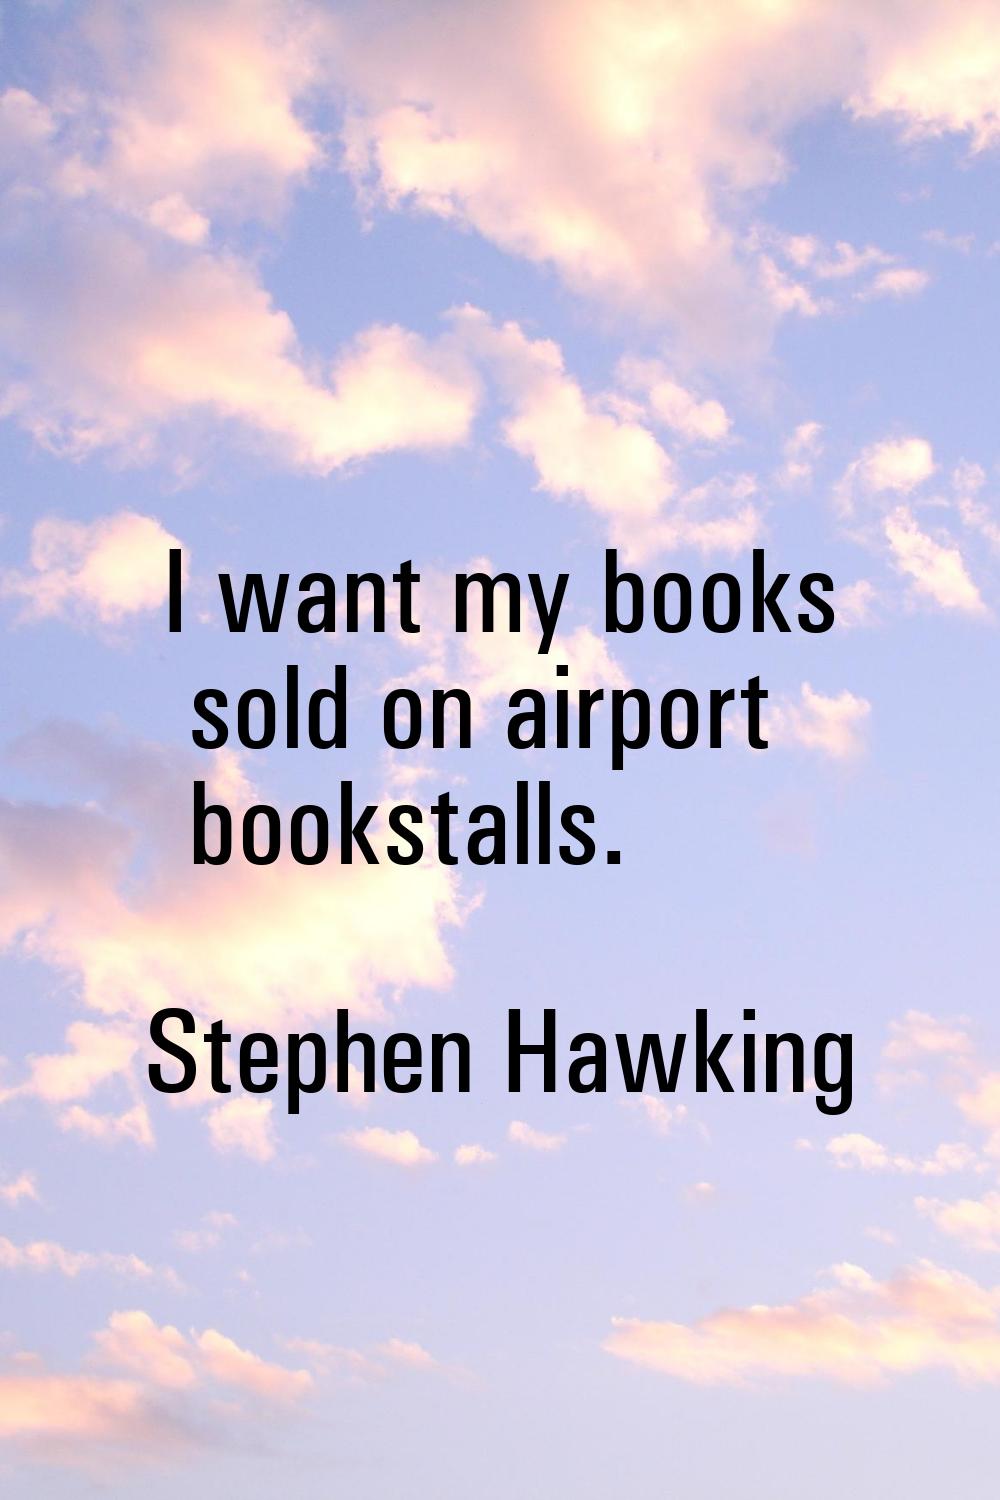 I want my books sold on airport bookstalls.
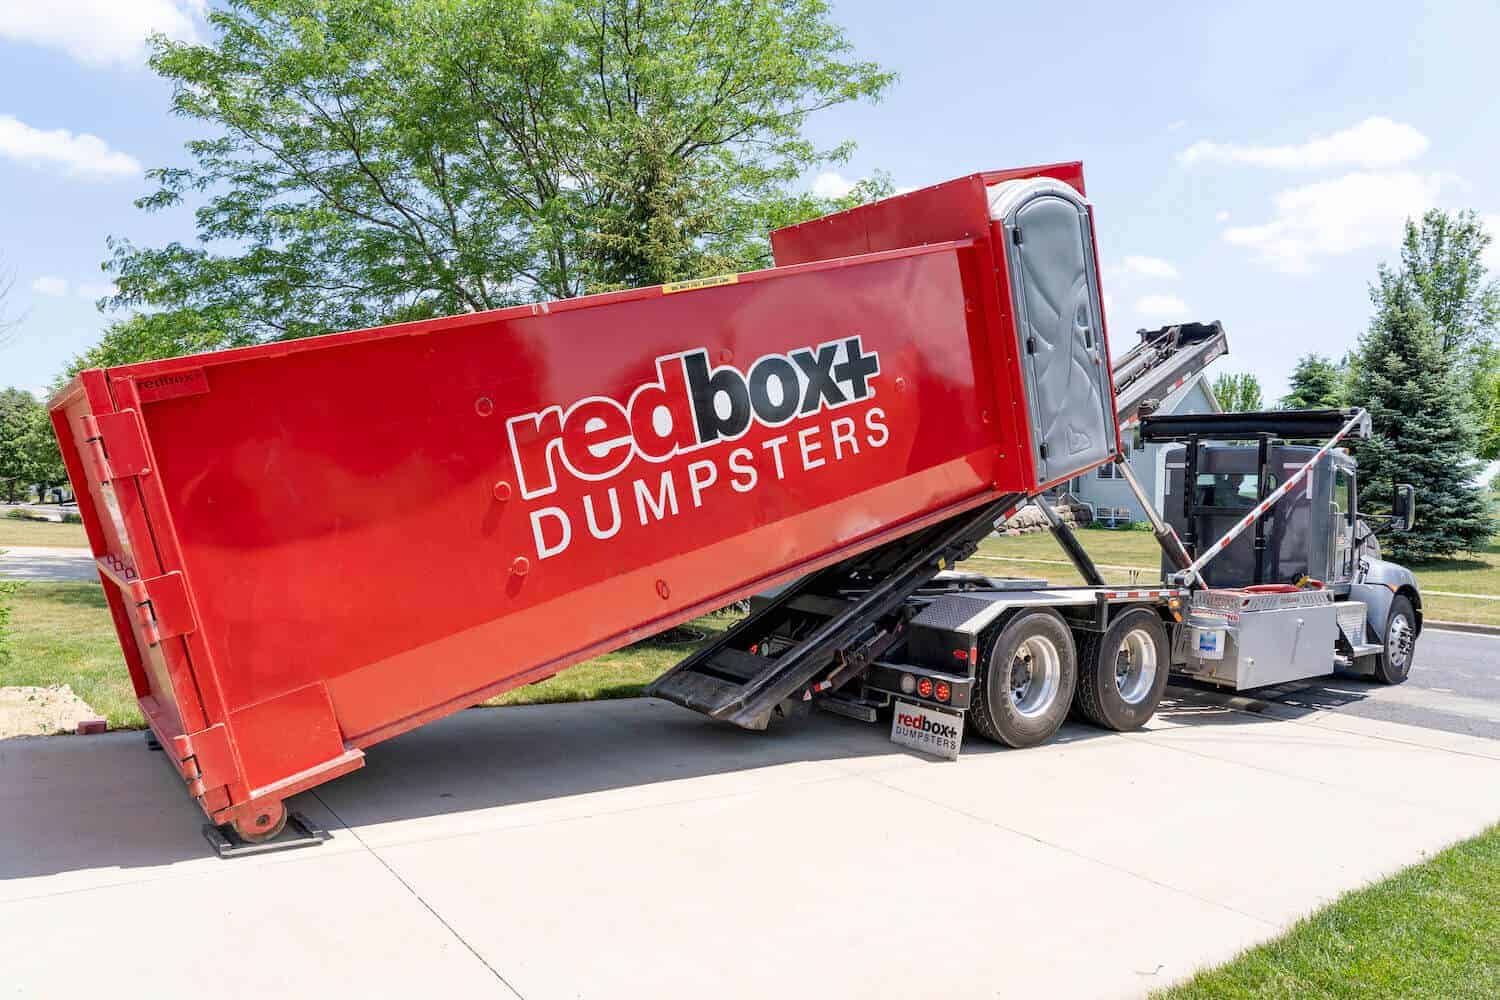 roll off dumpster rental in Chattanooga tn
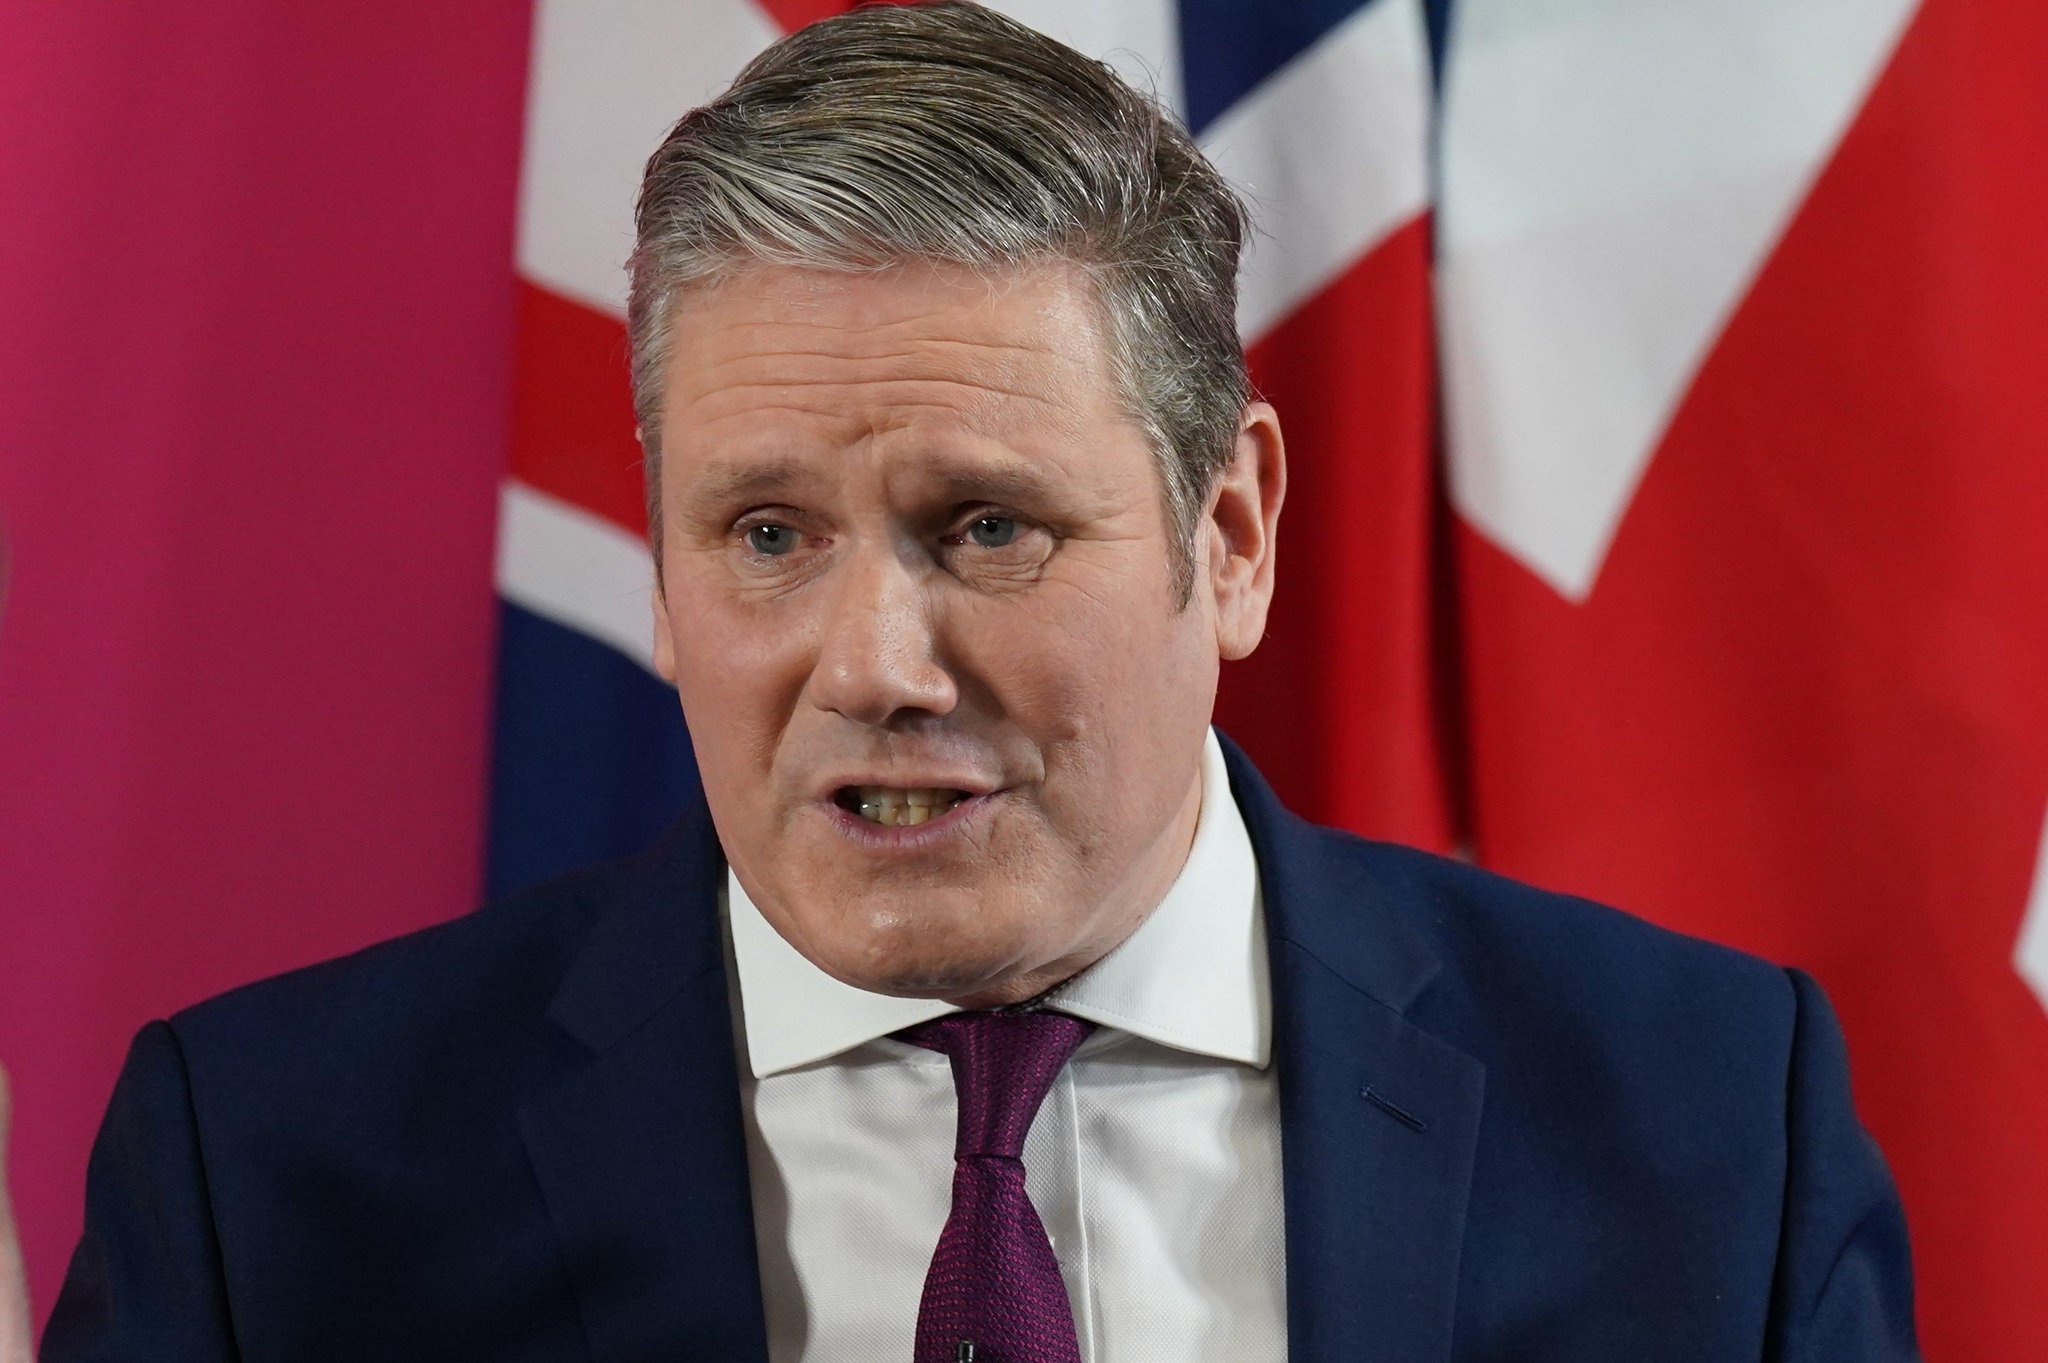 Starmer: Deception the cause of instability
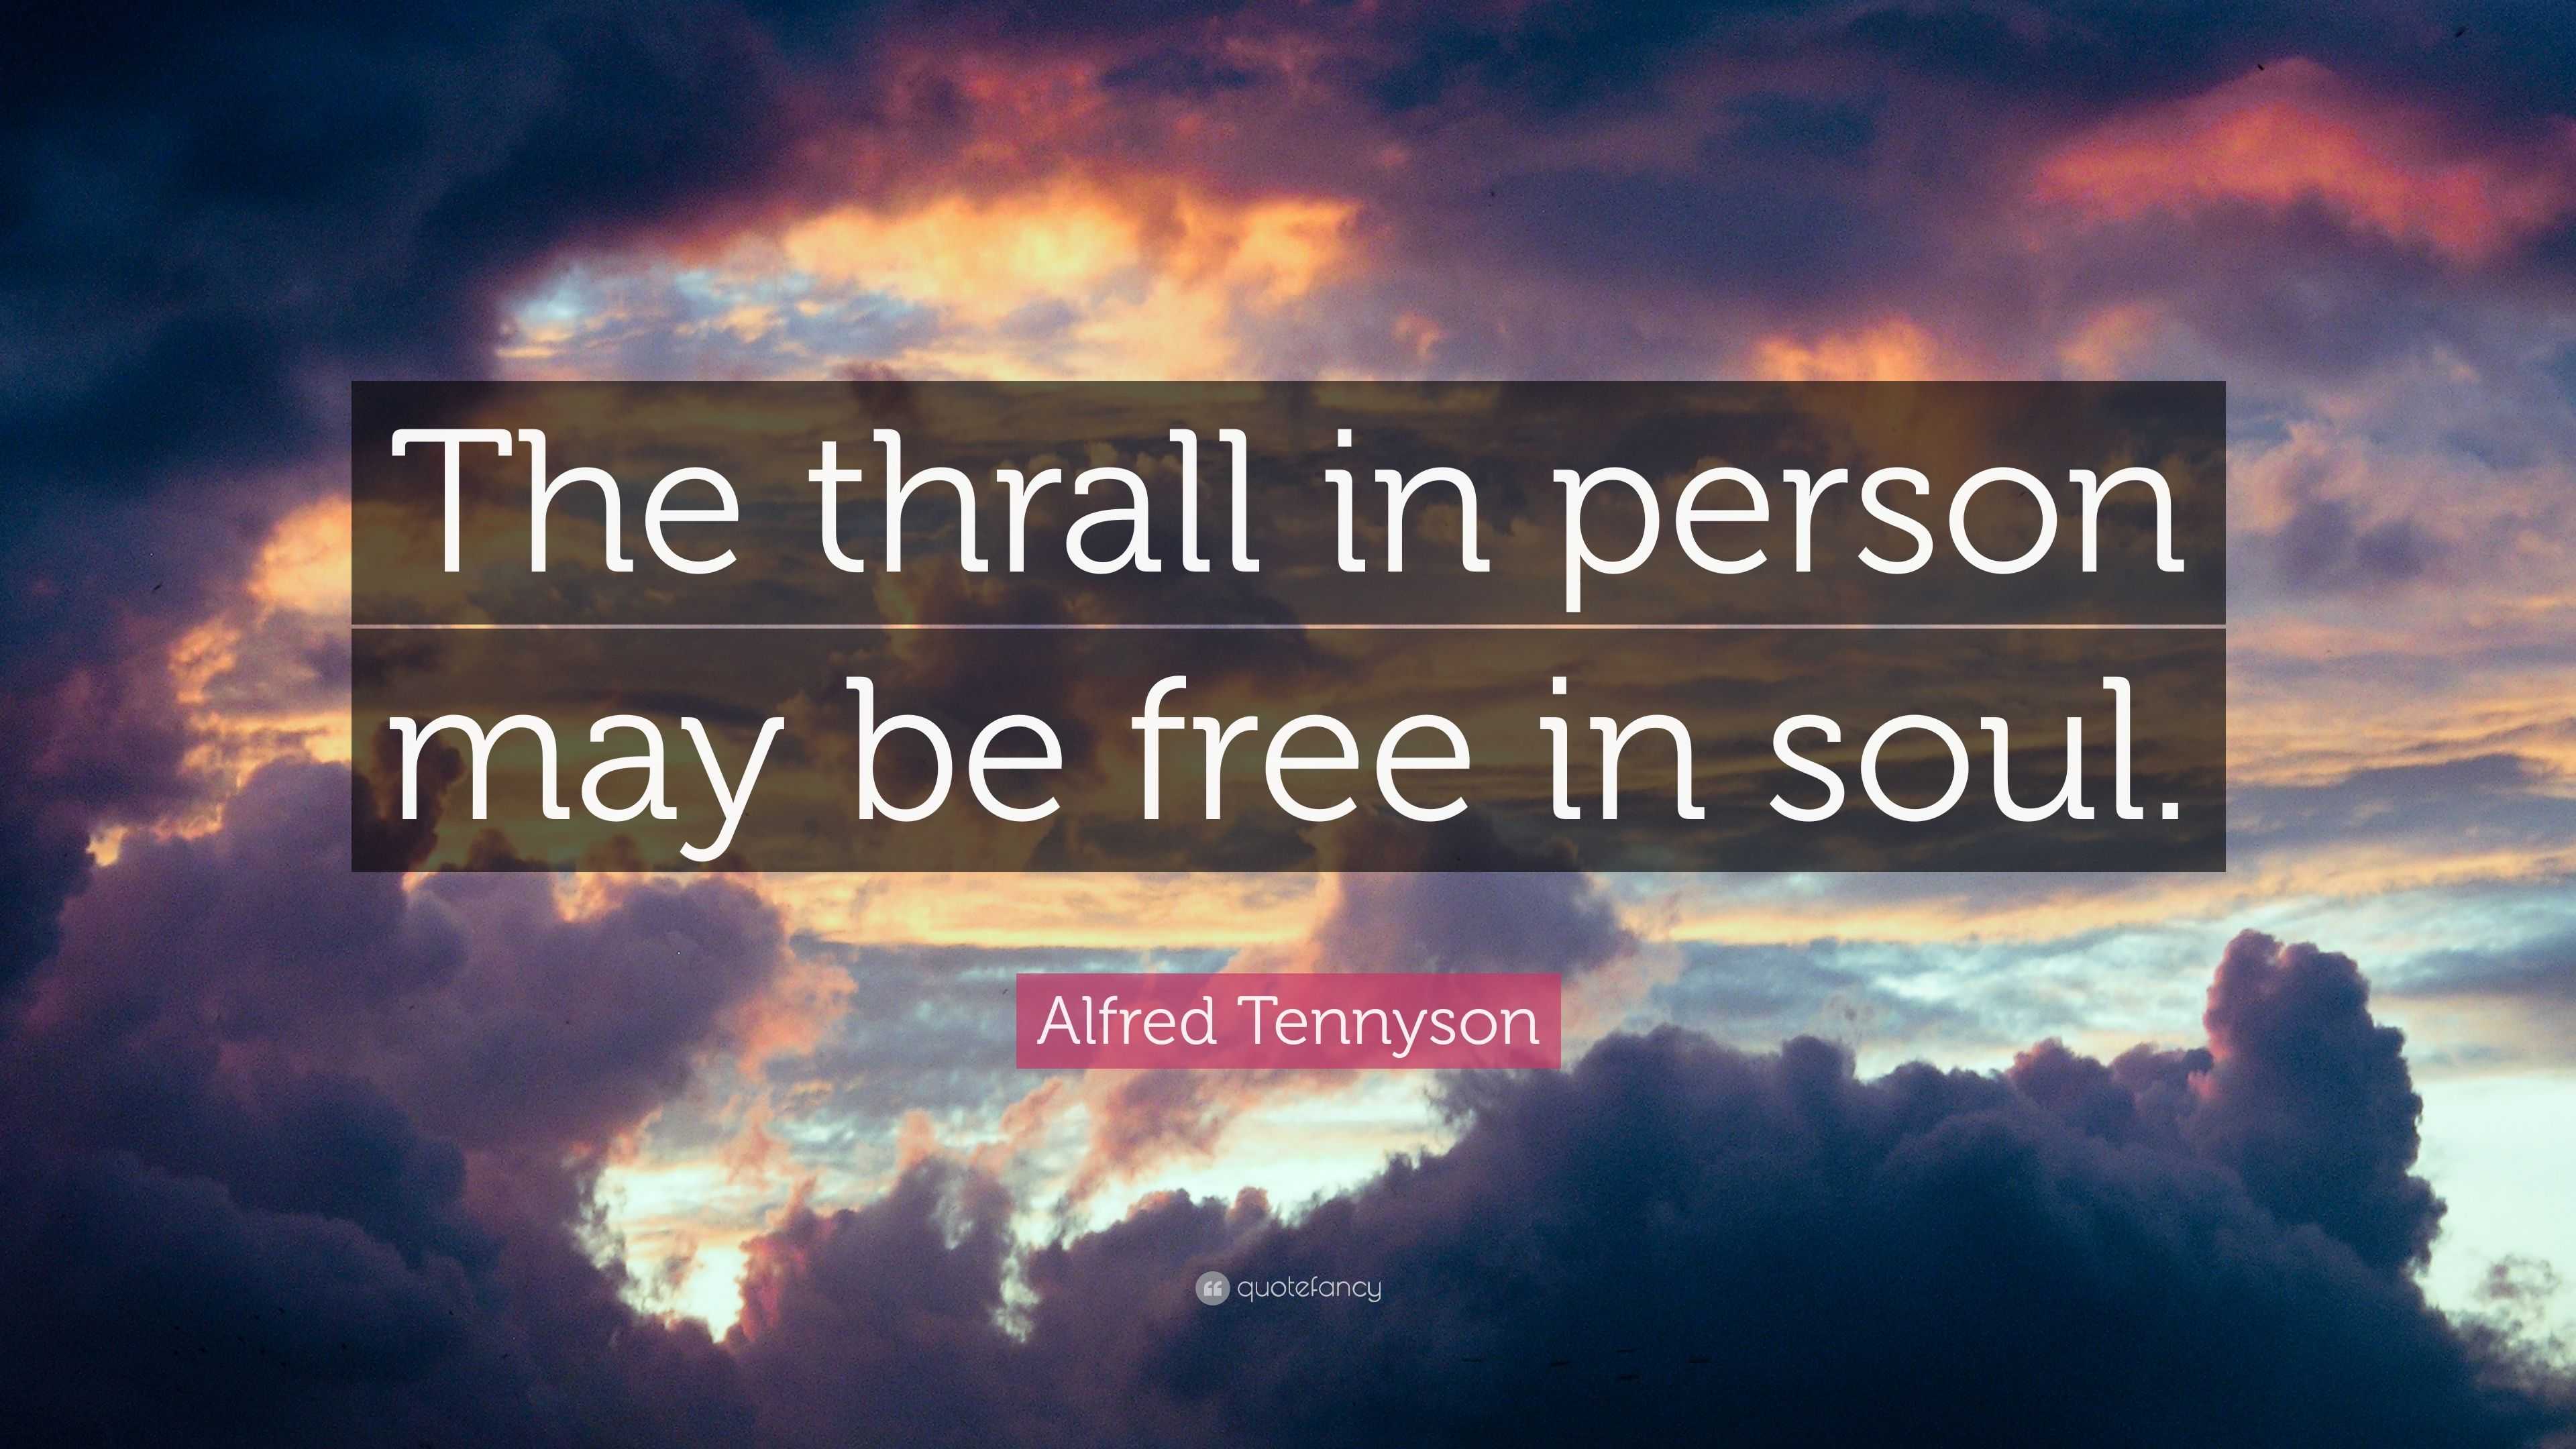 Alfred Tennyson Quote The Thrall In Person May Be Free In Soul Images, Photos, Reviews

• Problem details: Copy out all the data exactly, skipping the pictures.

• Answer for this exercise:
 I want my books sold on airport bookstalls.
 roll off dumpster rental in Chattanooga tn
 Starmer: Deception the cause of instability
 Alfred Tennyson Quote The Thrall In Person May Be Free In Soul Images, Photos, Reviews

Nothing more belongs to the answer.